The length of the perpendicular from the point \(\mathrm{A}(1,-2,-3)\) on the line \(\frac{x-1}{2}=\frac{y+3}{-1}=\frac{z+1}{-2}\) is

Let \(\frac{x-1}{2}=\frac{y+3}{-1}=\frac{z+1}{-2}=\lambda\)
\(\therefore \quad\) Any general point on this line is
\(\mathrm{Q}(2 \lambda+1,-\lambda-3,-2 \lambda-1)\)

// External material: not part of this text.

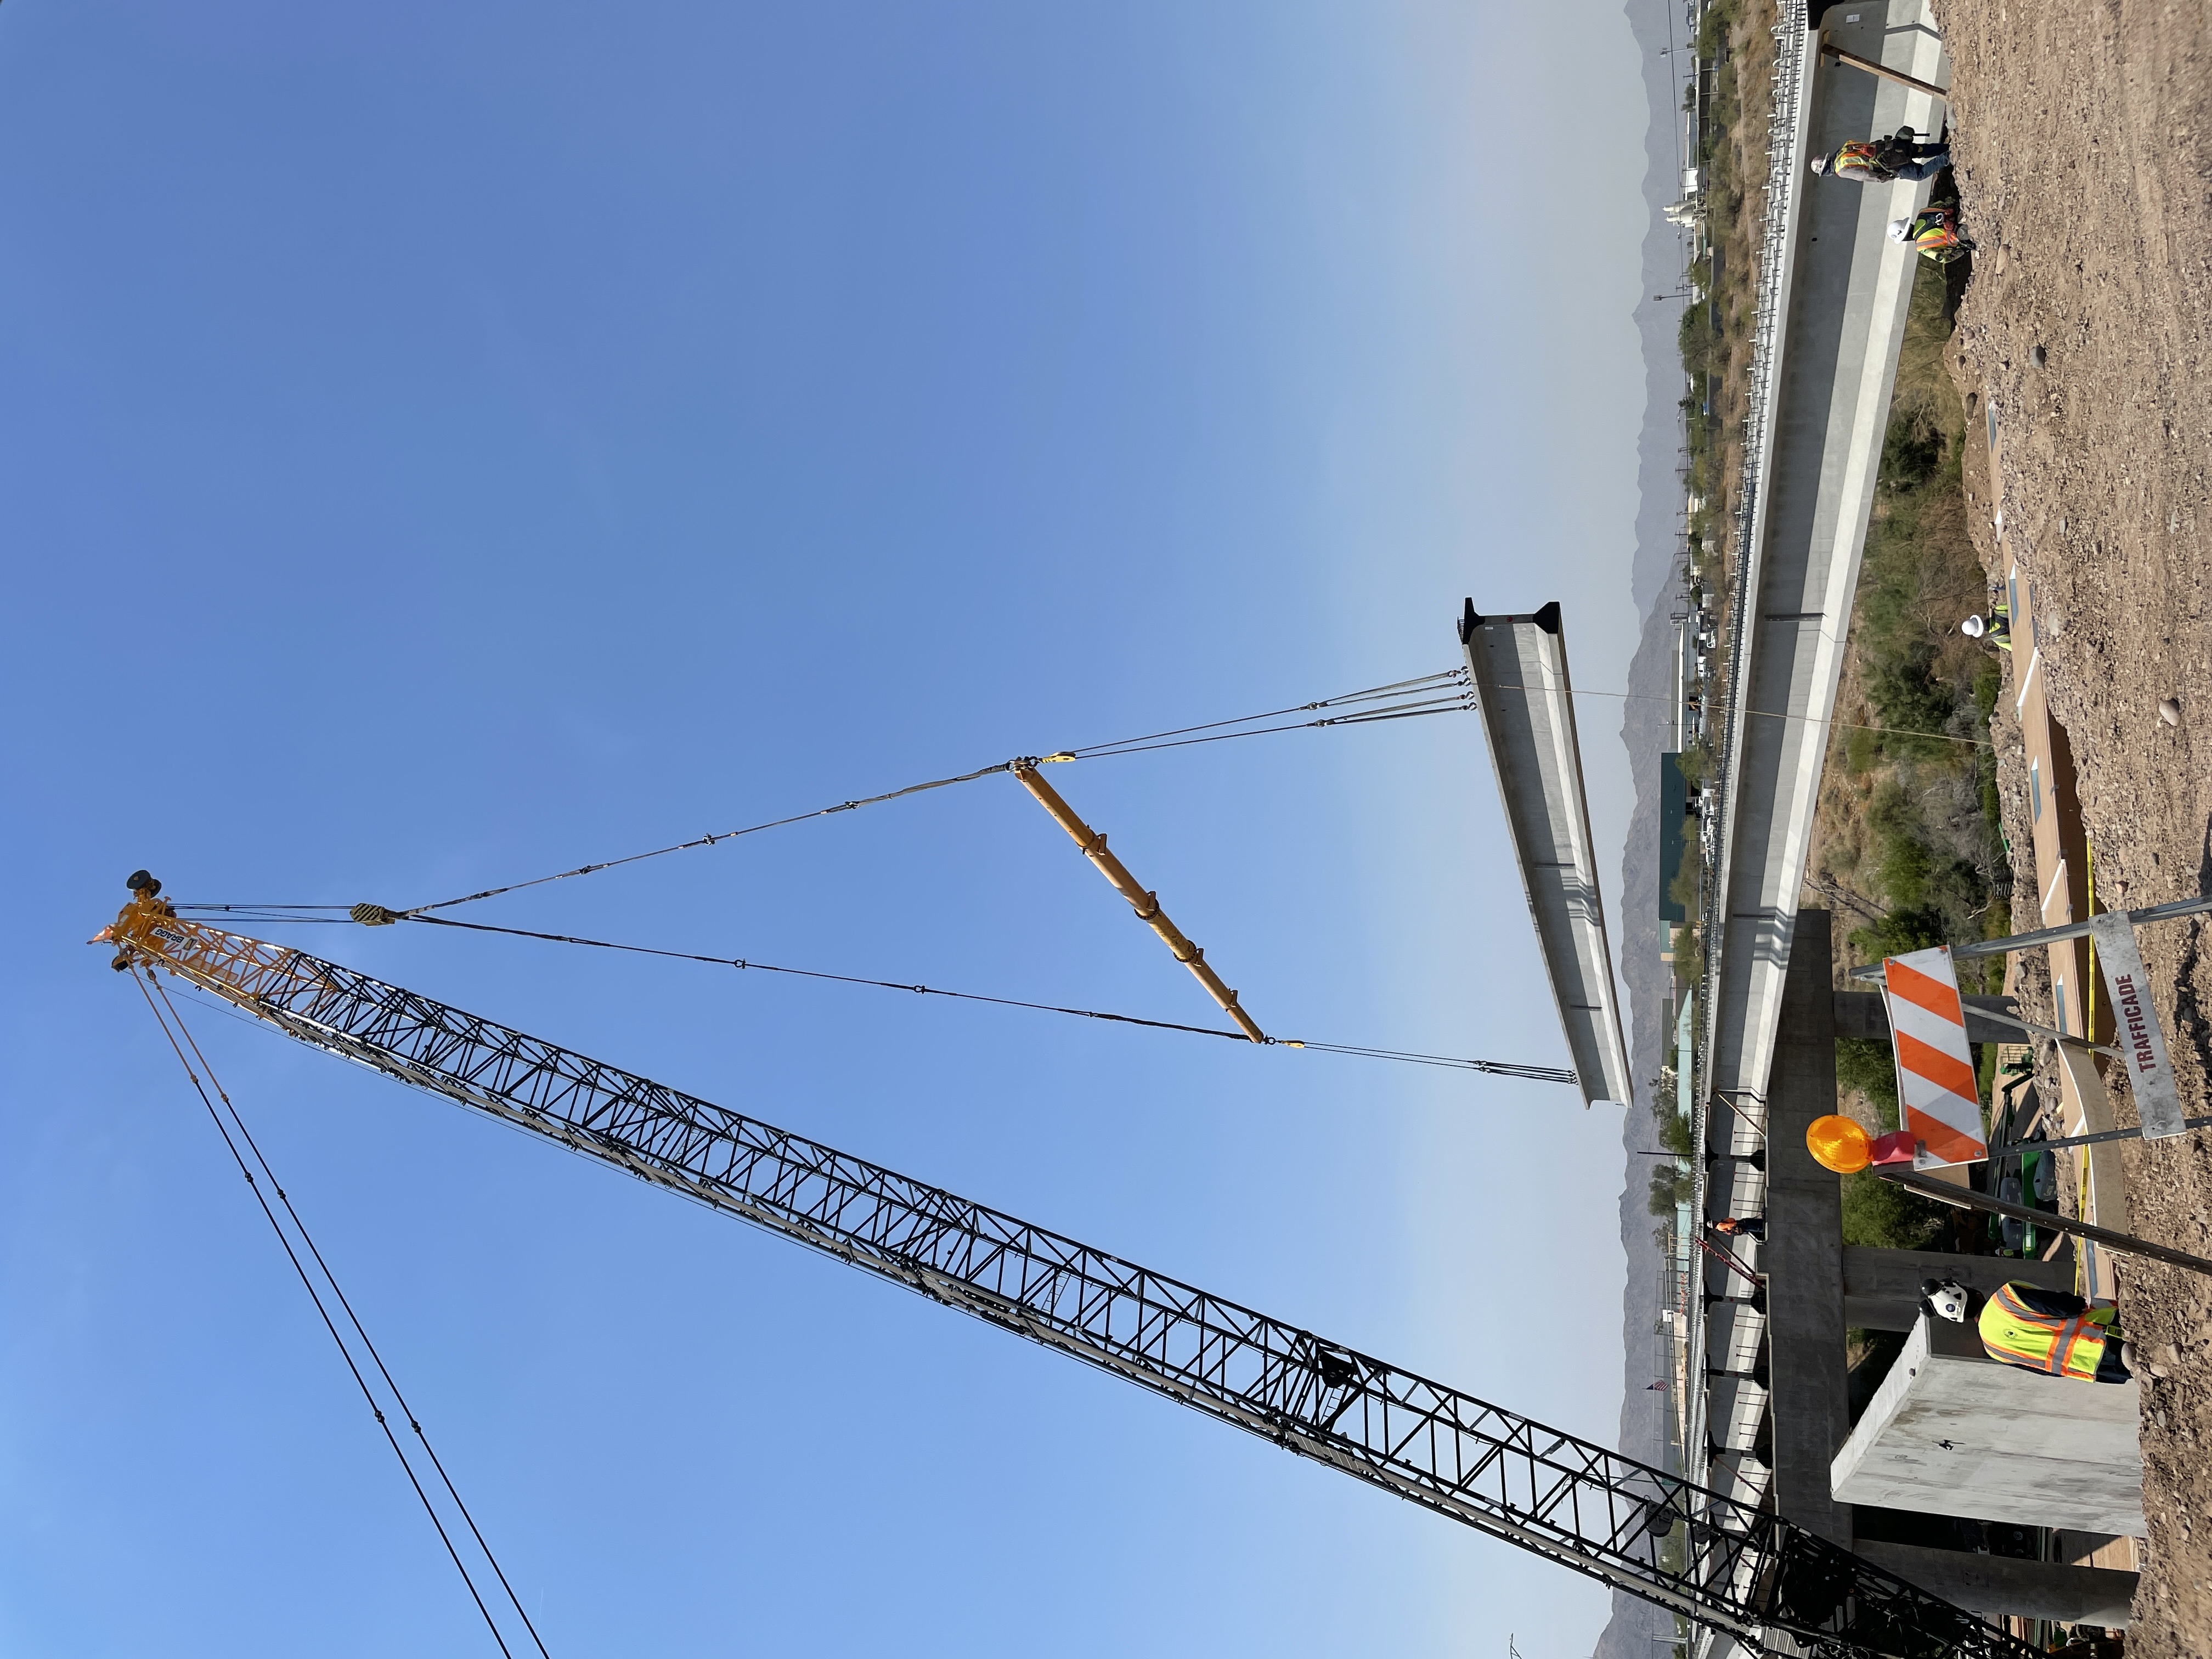 Crane lifts girder into place on north end of 7th Street Bridge over the Rio Salado riverbed

The direction ratios of AQ are
\(2 \lambda,-\lambda-1,-2 \lambda+2\)
Since \(A Q\) is perpendicular to given lines.
\(\begin{aligned}
& 2(2 \lambda)-1(-\lambda-1)-2(-2 \lambda+2)=0 \\
\Rightarrow & 4 \lambda+\lambda+1+4 \lambda-4=0 \\
& \Rightarrow 9 \lambda-3=0 \\
\Rightarrow & \lambda=\frac{1}{3} \\
\therefore \quad & \mathrm{Q} \equiv\left(\frac{5}{3}, \frac{-10}{3}, \frac{-5}{3}\right)
\end{aligned}\)
\(\therefore \quad \mathrm{AQ}=\sqrt{\left(1-\frac{5}{3}\right)^2-\left(-2+\frac{10}{3}\right)^2+\left(-3+\frac{5}{3}\right)^2}\)
\(\begin{aligned} & =\sqrt{\frac{4}{9}+\frac{16}{9}+\frac{16}{9}}=\sqrt{\frac{36}{9}}=\sqrt{4} \\ \therefore \quad A Q & =2 \text { units }\end{aligned}\)